### What needs to be done
All of the data that follows should be retyped exactly, please, except the pictures.

### Data extract
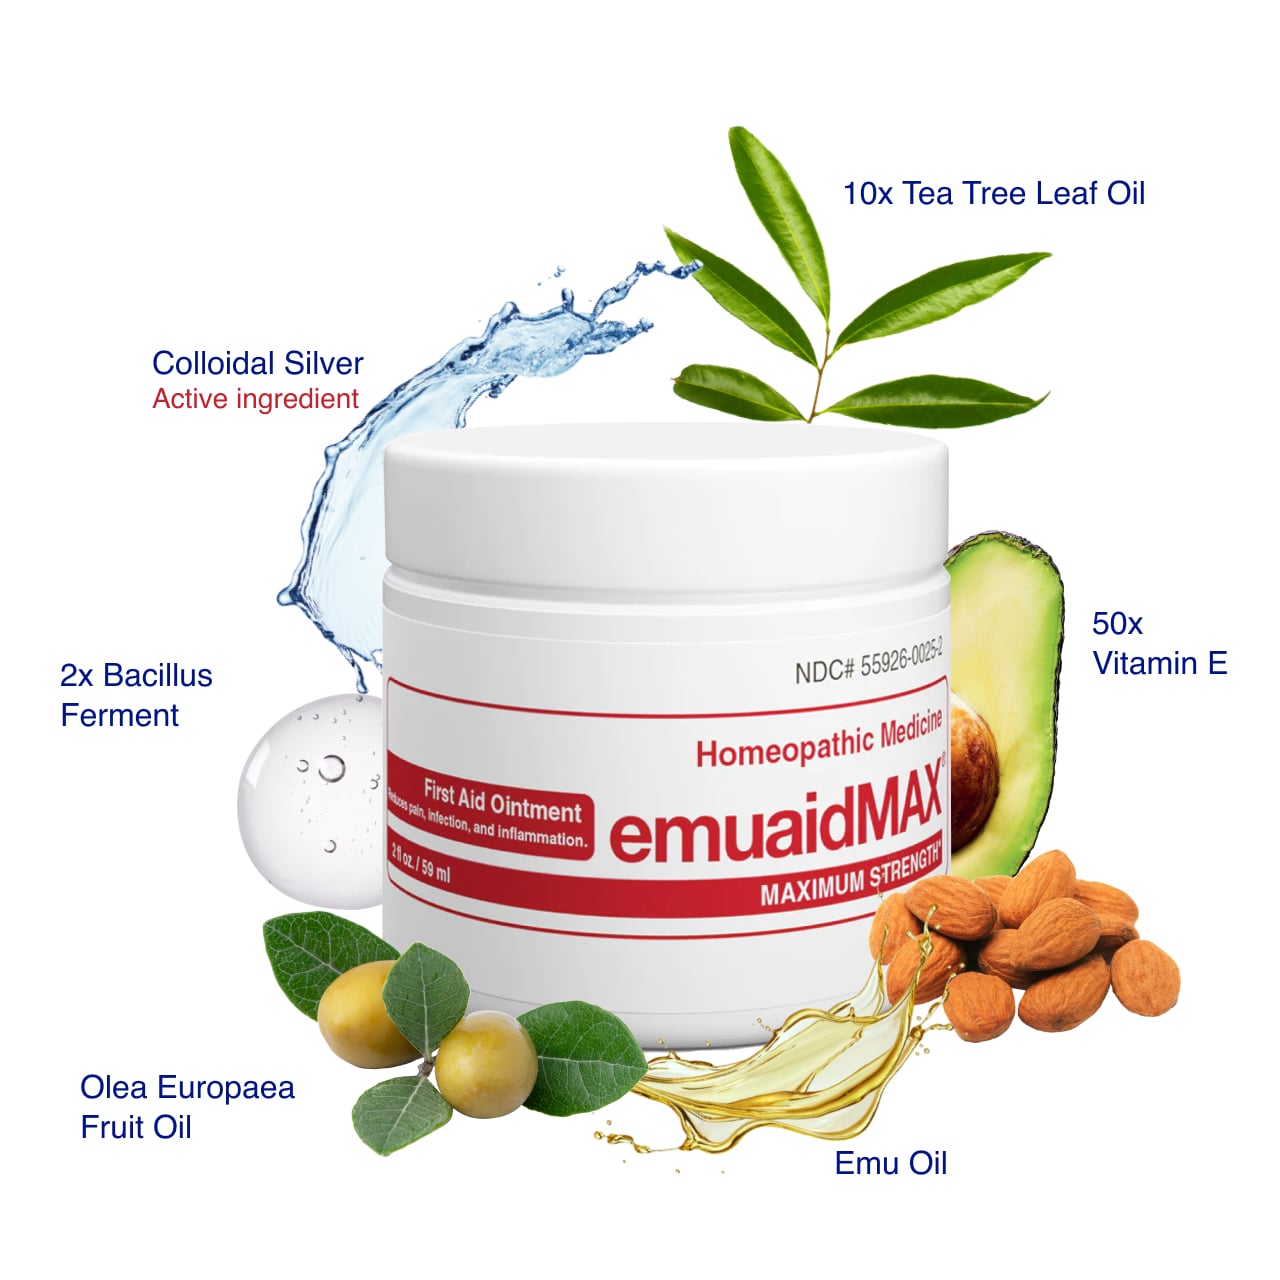 Emuaid Max Ointment 14mL - Nutrition Plus
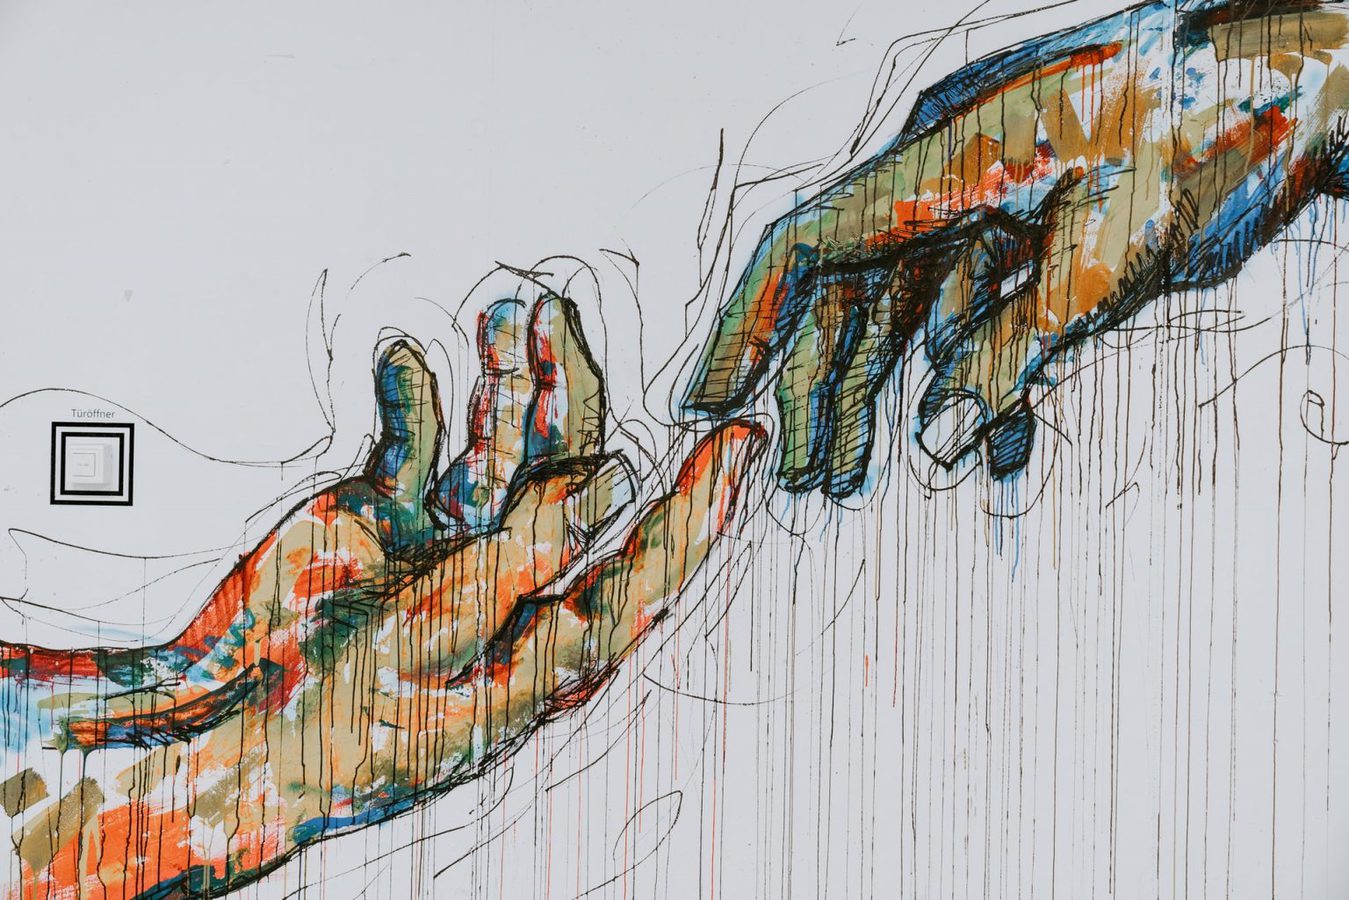 Touch Painting de Davinci como un colorido graffiti
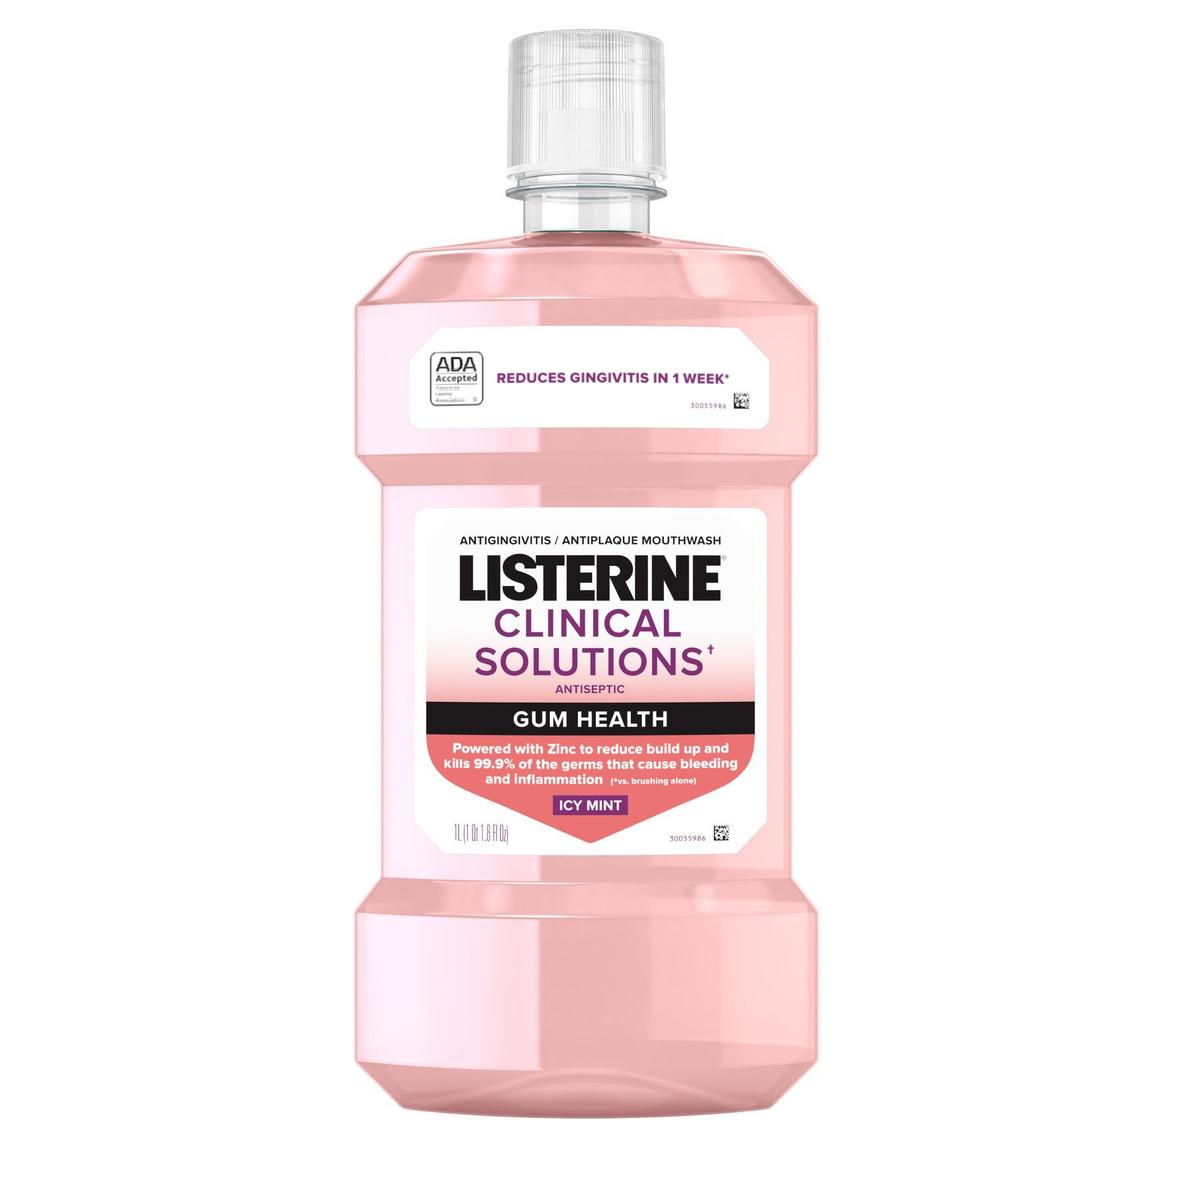 Listerine Clinical Solutions Gum Health mouthwash bottle front
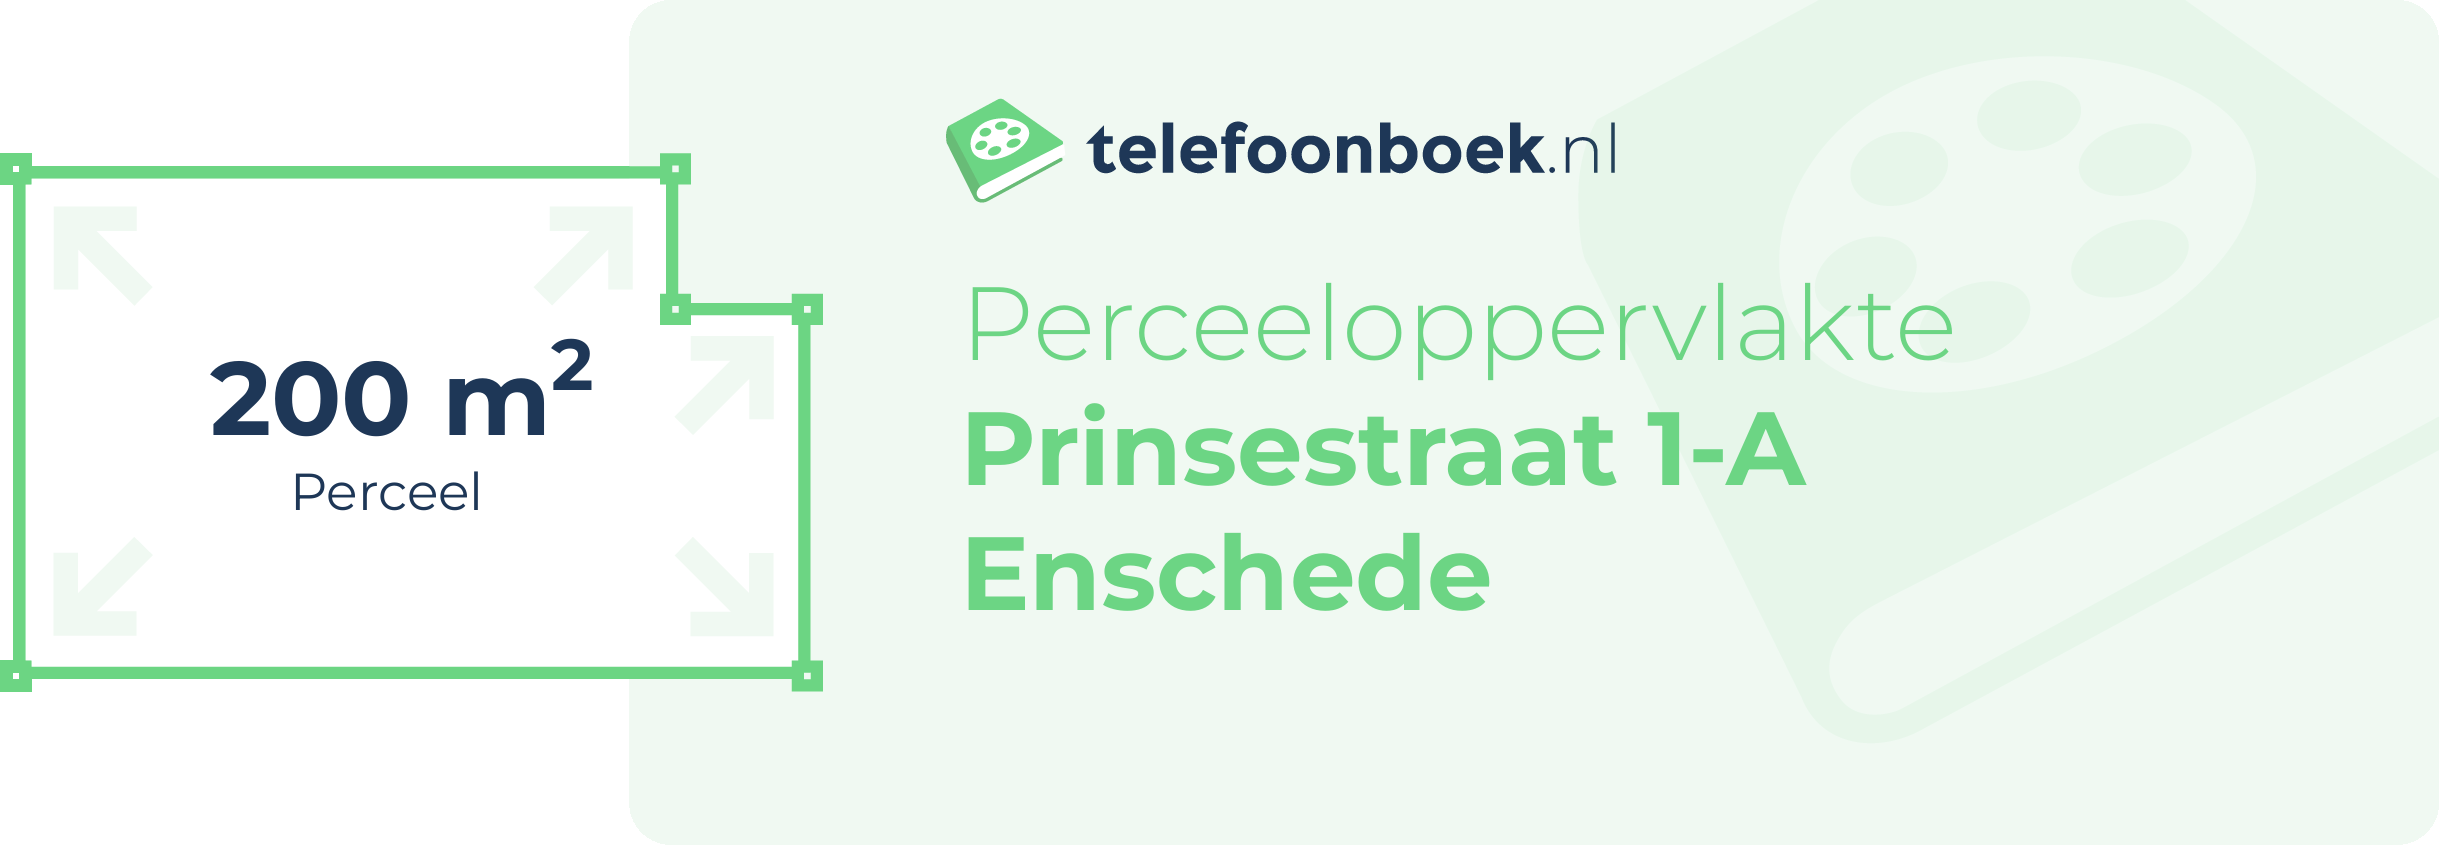 Perceeloppervlakte Prinsestraat 1-A Enschede

### Solution
 Emuaid Max Ointment 14mL - Nutrition Plus
 Touch Painting de Davinci como un colorido graffiti
 Listerine Clinical Solutions Gum Health mouthwash bottle front
 Perceeloppervlakte Prinsestraat 1-A Enschede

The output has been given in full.